Но то всё чувства. А интересующимся, так сказать, ЛИБРЕТТОМ его личной жизни я чистосердечно обо всем напишу, скрипя сердцем.
Мой Доктор был такой красивый, стройный-высокий, на плечах у него было по три золотые звездочки, и на фуражке — золотом листики, и красные полоски на штанах. У него была серая «Победа» и гараж во дворе, куда иной раз удавалось заглянуть. Мальчишки визжали от радости, а мне не нравилось в гараже, там воняло и никаких фантиков или лоскутков. Я не ожидала там найти плюшевых медведей, ну что я совсем дура, что ли, ну хоть разноцветных проволочек или серебряной бумаги…
Ну да, были гайки разные, которые он дарил мальчишкам, они зажимали их в кулачке и хвастались потом на весь двор.
Так вот, говорили, что первый раз Доктор женился во время войны. Он был на войне сначала с немцами, а потом с японцами, и всегда был доктором, а не подневольным благородным убивцем, которым становится каждый солдат, когда на него нападают. Иногда ему приходилось надевать медали и ордена, он быстренько шел по двору, стыдливо прикрывая грудь фуражкой. А дедушке как-то раз сказал, что чувствует себя бульдогом на выставке, когда приходится медали надевать. Это мне было непонятно: вы когда-нибудь видели бульдогов на войне? За что им тогда медали? Но раз он, Доктор, так сказал, значит, это было умно и имело тайный смысл.

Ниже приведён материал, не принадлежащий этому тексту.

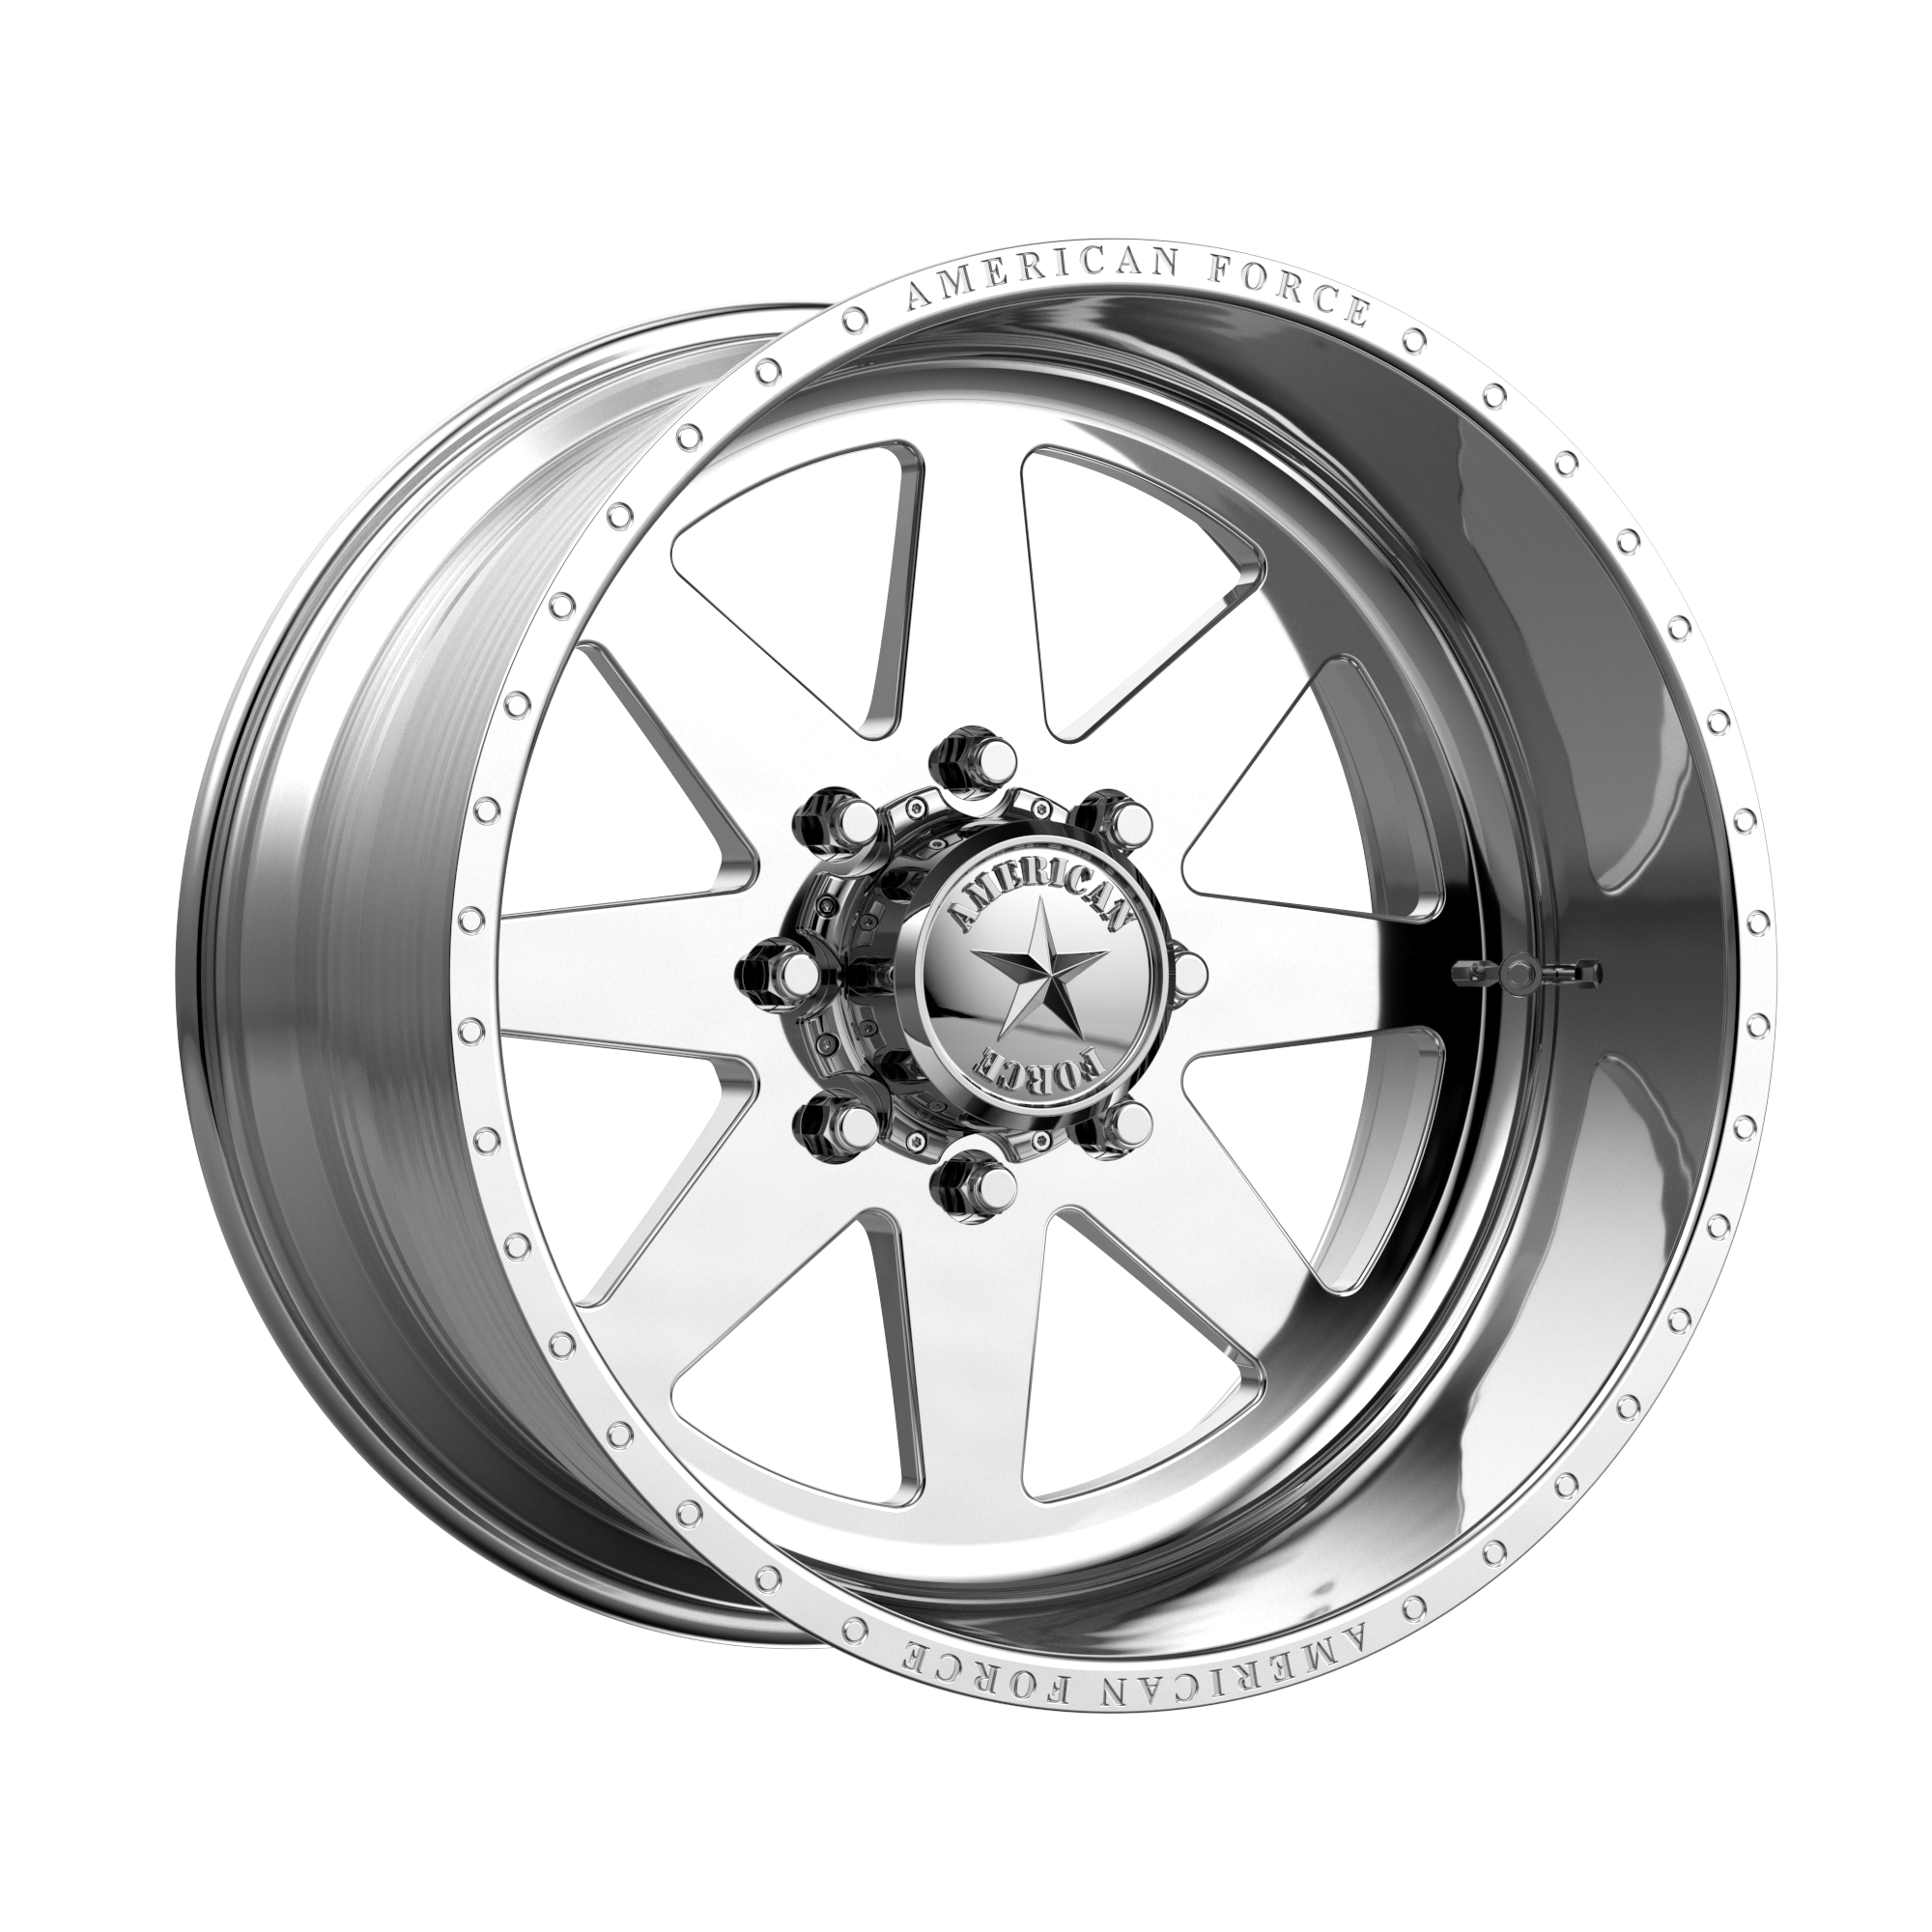 INDEPENDENCE SS 26x16 8x180.00 POLISHED (-101 mm) - Tires and Engine Performance

Ну вы понимаете, то, что говорят взрослые, имеет тайный смысл, особенно когда наружу никакого нет.
Ну я отвлеклась.
Этой фронтовой жены никто не видел, я это знаю, подслушав, как бабушка дедушке говорила. Бабушке вообще доверяли тайны, она изредка рассказывала их дедушке, а он уж точно никому. Если это, конечно, не было преступлением. Дедушка преступлений не терпел. У Доктора не было недостатков, у него были оковы — его мамаша Берта Лейбовна.
Она была очень старая женщина. Вечером, когда спадала жара, она выползала посидеть перед подъездом во дворе.
Иногда подходили соседки поболтать.
Дети сторонились ее. У нее был скрипучий каркающий голос и страшный инвалидный ботинок, как огромное копыто. Бабушка не позволяла мне смотреть на него в ее присутствии.
Сладость ужаса проникает в детское сердце, притягивает, не отпускает. Я пыталась представить ее ногу в нем, в голову лезли куриные лапы, козлиные мохнатые копыта, рыбьи плавники. Тогда это было совсем не смешно.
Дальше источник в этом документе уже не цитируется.